If people are interested in how compilers can automatically remove expensive overflow checks I wrote a blog post about it in the context of Ruby and Java.

https://chrisseaton.com/truffleruby/stamping-out-overflow-ch...


So stamps are like dependent types?


Yes - but invisible to the user and inferred automatically.


Oh cool. That's pretty neat!


So much software depends on implicit overflow that it isn't funny.

We can live with Java not having unsigned ints because, with implicit overflow, math operations on signed and unsigned ints are mostly the same.


>> So much software depends on implicit overflow...

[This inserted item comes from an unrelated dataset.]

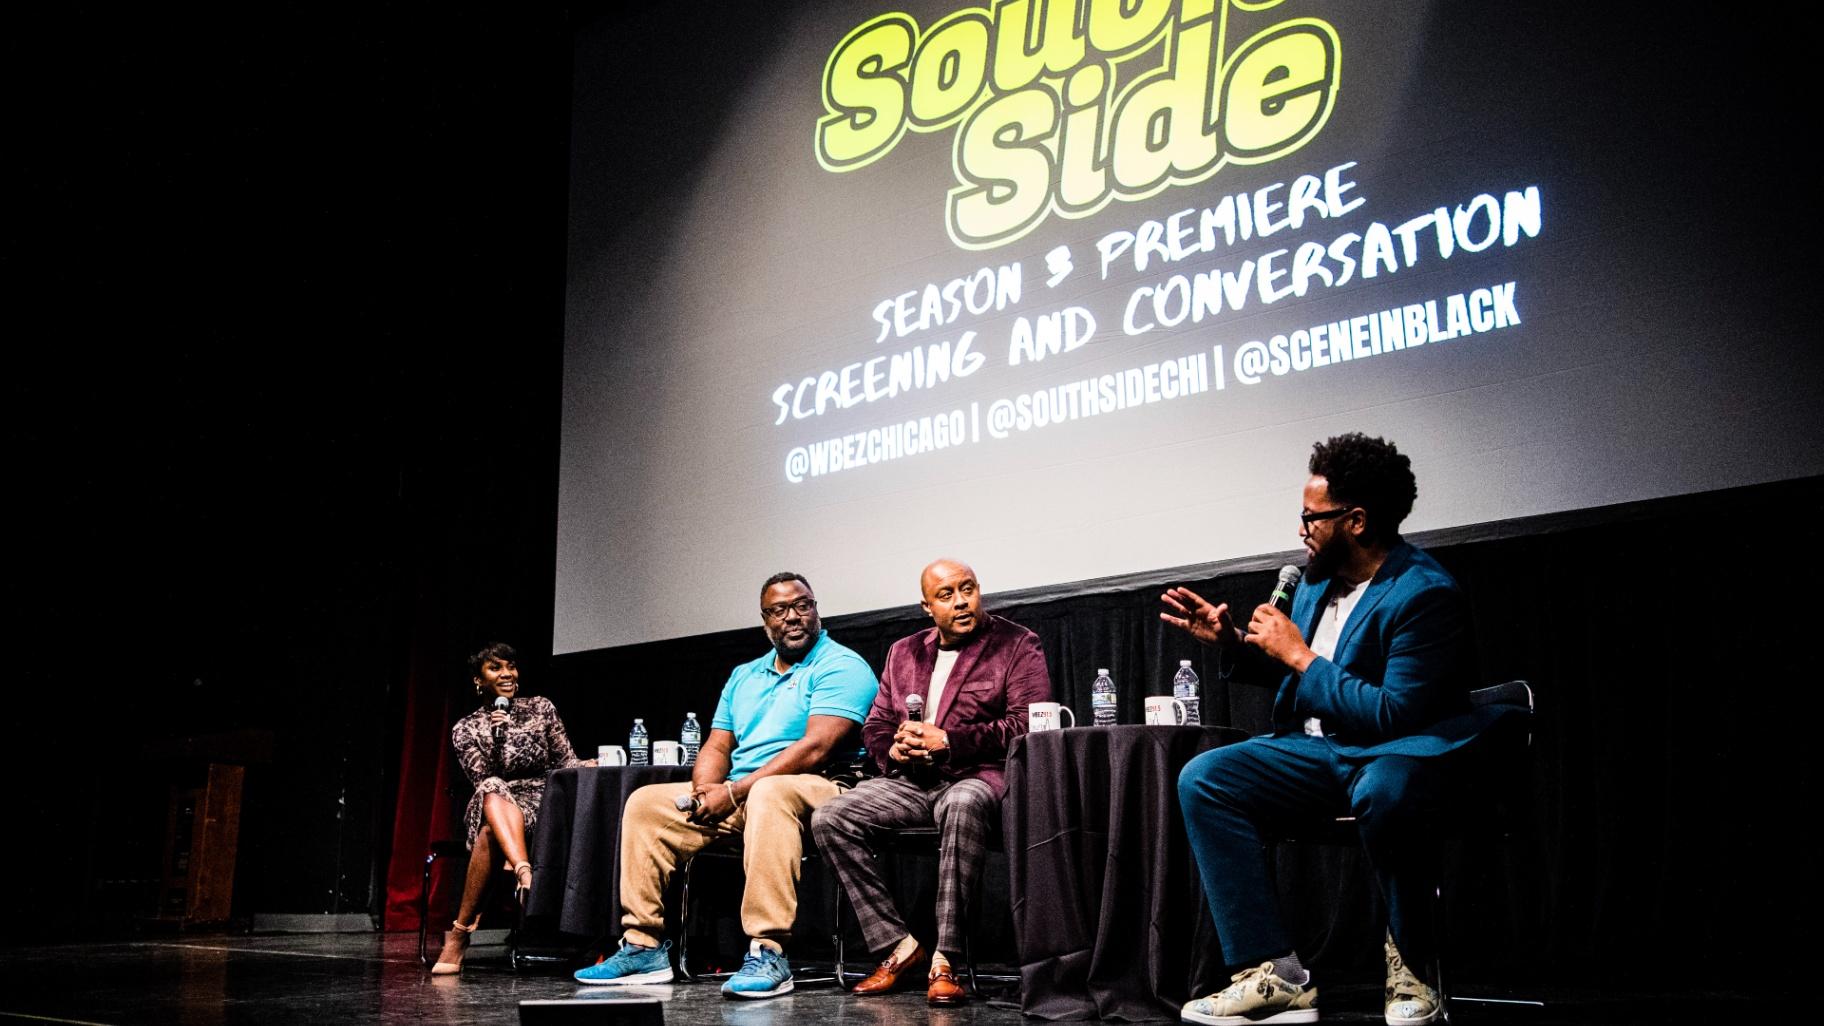 WBEZ hosted a screening of “South Side” season three at the DuSable Museum on Dec. 6, 2022. (Credit: Joe Nolasco for WBEZ Chicago, Instagram @nolasco_giovanni)

I use it all the time in embedded systems. It's very handy to represent angles as signed 16bit integers with a scaling of 2^15 = pi radians. The "overflow" naturally wraps around from pi to -pi right where you want it. I do consider this is a bit of a special case, but it's one that I've come to rely on where it makes sense.


I like Zig's approach here: normal arithmetic had undefined overflow behavior, but if you want overflow there's the overflow arithmetic operators +% -% *% and ÷%, and I think saturating arithmetic operators (+| -| *| ÷|) just landed in the master.


Dedicated operators is OK, but IME the semantics are value-level e.g. one value is overflowing while the other is saturating. In that sense, I think Rust' `Wrapping<T>` is really nice though the ergonomics are not ideal.


> It's very handy to represent angles as signed 16bit integers with a scaling of 2^15 = pi radians.

And it is in incorrect as *signed* integer overflows are undefined behavior (at least in c++). It's only defined for unsigned integers. It's not a theoretical bugs, modern compiler optimizers assume that overflows never happen.

You can build with `-fsanitize=undefined` then run to find all those bugs.


>> And it is in incorrect as signed integer overflows are undefined behavior (at least in c++).

I'm well aware that it's undefined behavior, but every compiler I've used it on produces "correct" results. The reason it's undefined is probably related to the prevalence of computers that did not use 2's complement arithmetic 40 years ago. In practice it's very reliable today. It seems like they could eliminate this piece of UB from the standard simply by defining it to behave the way everyone does it.


You are probably well aware, but this is a very contentious approach. The problem isn't that the math is going to be changed so that the wraparound doesn't occur, but that the compiler is (eventually) going to do a larger scale optimization that silently removes your check to see whether a wrap around has occurred. Compiler writers argue that the such optimizations are necessary to get good performance, so it's unlikely to ever be become defined behavior.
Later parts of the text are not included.